Inside the AI black box

The difficulty in pinning the blame on machines lies in the impenetrability of the AI decision-making process, according to a paper on tort liability and AI published in the AMA Journal of Ethics last year. “For example, if the designers of AI cannot foresee how it will act after it is released in the world, how can they be held tortiously liable?,” write the authors. “And if the legal system absolves designers from liability because AI actions are unforeseeable, then injured patients may be left with fewer opportunities for redress.”

AI, as with all technology, often works very differently in the lab than in a real-world setting. Earlier this year, researchers from Google Health found that a deep-learning system capable of identifying symptoms of diabetic retinopathy with 90% accuracy in the lab caused considerable delays and frustrations when deployed in real life.

Despite the complexities, clear responsibility is essential for artificial intelligence in healthcare, both because individual patients deserve accountability, and because lack of responsibility allows mistakes to flourish. “If it’s unclear who’s responsible, that creates a gap, it could be no one is responsible,” says Lin. “If that’s the case, there’s no incentive to fix the problem.” One potential response, suggested by Georgetown legal scholar David Vladeck, is to hold everyone involved in the use and implementation of the AI system accountable.
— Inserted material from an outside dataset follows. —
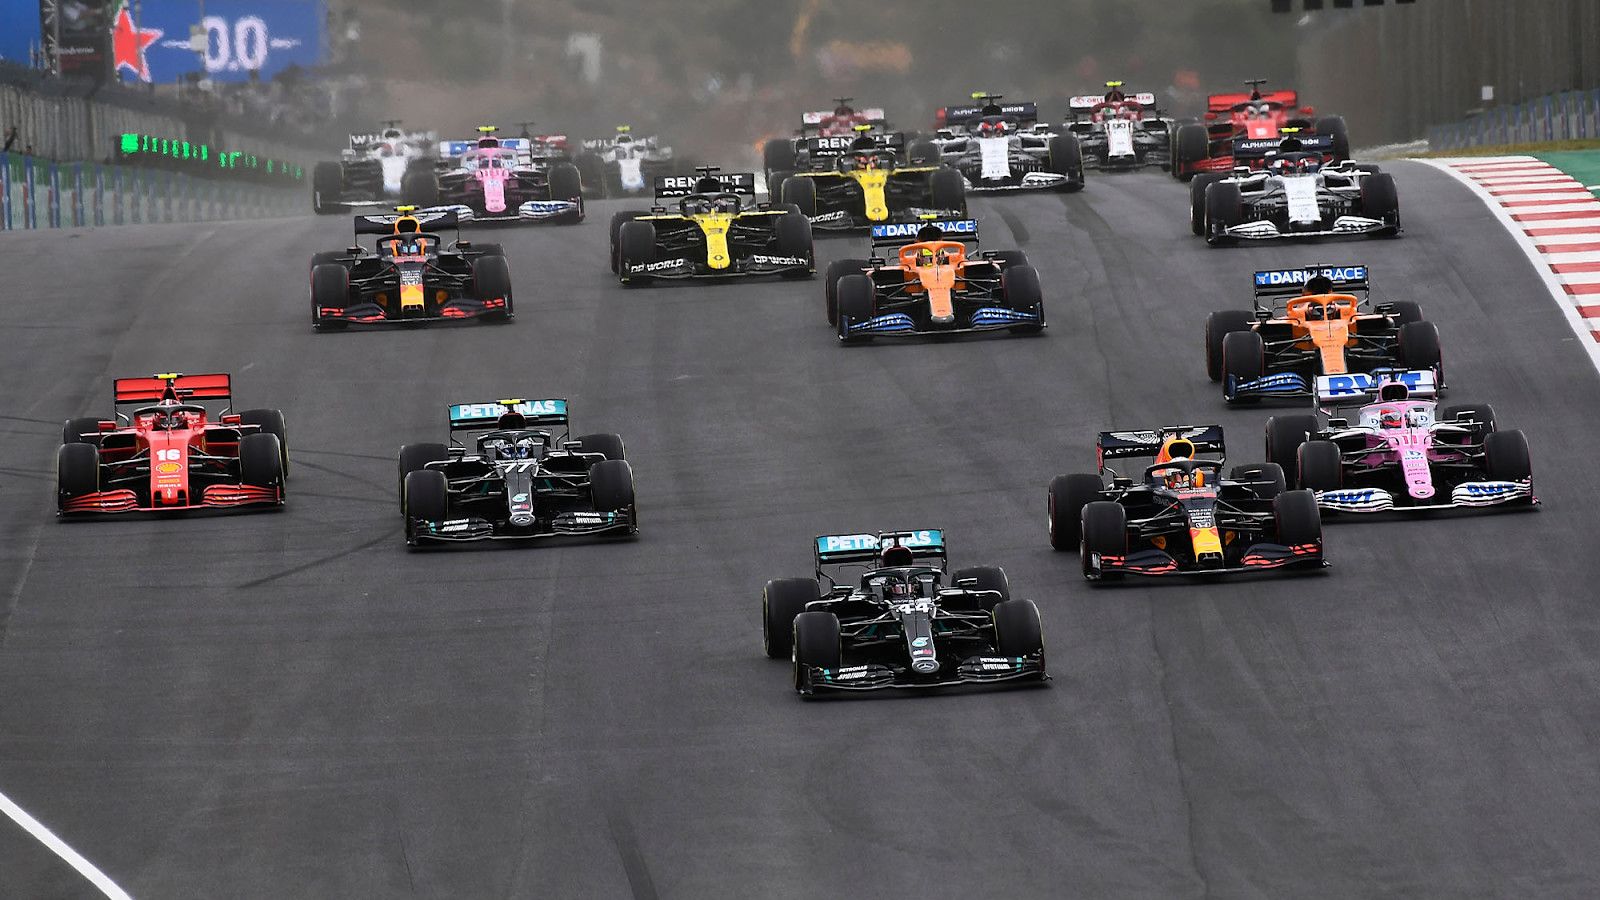 F1! Portuguese Grand Prix 2021: Live Free Stream, Watch on Reddit?

AI and healthcare often work well together, with artificial intelligence augmenting the decisions made by human professionals. Even as AI develops, these systems aren’t expected to replace nurses or automate human doctors entirely. But as AI improves, it gets harder for humans to go against machines’ decisions. If a robot is right 99% of the time, then a doctor could face serious liability if they make a different choice. “It’s a lot easier for doctors to go along with what that robot says,” says Lin.

Ultimately, this means humans are ceding some authority to robots. There are many instances where AI outperforms humans, and so doctors should defer to machine learning. But patient wariness of AI in healthcare is still justified when there’s no clear accountability for mistakes. “Medicine is still evolving. It’s part art and part science,” says Lin. “You need both technology and humans to respond effectively.”